▶ _Task details_: Output the data that follows, keeping every line identical.

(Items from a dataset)
⁂
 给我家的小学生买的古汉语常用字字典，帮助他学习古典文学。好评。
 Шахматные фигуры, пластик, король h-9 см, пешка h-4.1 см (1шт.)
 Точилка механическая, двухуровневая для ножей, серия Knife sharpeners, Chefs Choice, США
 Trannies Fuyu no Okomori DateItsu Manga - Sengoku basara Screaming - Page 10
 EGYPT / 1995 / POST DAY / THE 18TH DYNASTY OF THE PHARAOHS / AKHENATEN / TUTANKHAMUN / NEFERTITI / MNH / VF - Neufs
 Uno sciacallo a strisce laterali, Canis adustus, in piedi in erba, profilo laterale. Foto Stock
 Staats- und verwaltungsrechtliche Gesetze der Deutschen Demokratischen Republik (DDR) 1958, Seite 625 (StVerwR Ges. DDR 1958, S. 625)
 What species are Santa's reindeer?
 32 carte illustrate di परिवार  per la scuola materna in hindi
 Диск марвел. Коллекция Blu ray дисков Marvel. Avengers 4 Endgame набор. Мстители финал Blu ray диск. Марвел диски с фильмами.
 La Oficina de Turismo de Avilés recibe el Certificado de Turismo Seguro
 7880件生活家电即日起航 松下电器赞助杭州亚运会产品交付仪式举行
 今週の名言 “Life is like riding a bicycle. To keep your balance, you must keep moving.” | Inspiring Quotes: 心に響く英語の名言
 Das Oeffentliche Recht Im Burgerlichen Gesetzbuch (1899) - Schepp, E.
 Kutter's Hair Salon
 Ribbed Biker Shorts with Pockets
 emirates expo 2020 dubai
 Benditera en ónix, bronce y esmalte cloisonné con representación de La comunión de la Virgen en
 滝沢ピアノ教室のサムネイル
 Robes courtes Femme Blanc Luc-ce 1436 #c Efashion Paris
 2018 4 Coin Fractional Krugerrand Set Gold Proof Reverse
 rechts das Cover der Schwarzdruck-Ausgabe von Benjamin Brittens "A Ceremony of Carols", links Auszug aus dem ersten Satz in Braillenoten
⁂
▶ _Response to the exercise_:
 给我家的小学生买的古汉语常用字字典，帮助他学习古典文学。好评。
 Шахматные фигуры, пластик, король h-9 см, пешка h-4.1 см (1шт.)
 Точилка механическая, двухуровневая для ножей, серия Knife sharpeners, Chefs Choice, США
 Trannies Fuyu no Okomori DateItsu Manga - Sengoku basara Screaming - Page 10
 EGYPT / 1995 / POST DAY / THE 18TH DYNASTY OF THE PHARAOHS / AKHENATEN / TUTANKHAMUN / NEFERTITI / MNH / VF - Neufs
 Uno sciacallo a strisce laterali, Canis adustus, in piedi in erba, profilo laterale. Foto Stock
 Staats- und verwaltungsrechtliche Gesetze der Deutschen Demokratischen Republik (DDR) 1958, Seite 625 (StVerwR Ges. DDR 1958, S. 625)
 What species are Santa's reindeer?
 32 carte illustrate di परिवार  per la scuola materna in hindi
 Диск марвел. Коллекция Blu ray дисков Marvel. Avengers 4 Endgame набор. Мстители финал Blu ray диск. Марвел диски с фильмами.
 La Oficina de Turismo de Avilés recibe el Certificado de Turismo Seguro
 7880件生活家电即日起航 松下电器赞助杭州亚运会产品交付仪式举行
 今週の名言 “Life is like riding a bicycle. To keep your balance, you must keep moving.” | Inspiring Quotes: 心に響く英語の名言
 Das Oeffentliche Recht Im Burgerlichen Gesetzbuch (1899) - Schepp, E.
 Kutter's Hair Salon
 Ribbed Biker Shorts with Pockets
 emirates expo 2020 dubai
 Benditera en ónix, bronce y esmalte cloisonné con representación de La comunión de la Virgen en
 滝沢ピアノ教室のサムネイル
 Robes courtes Femme Blanc Luc-ce 1436 #c Efashion Paris
 2018 4 Coin Fractional Krugerrand Set Gold Proof Reverse
 rechts das Cover der Schwarzdruck-Ausgabe von Benjamin Brittens "A Ceremony of Carols", links Auszug aus dem ersten Satz in Braillenoten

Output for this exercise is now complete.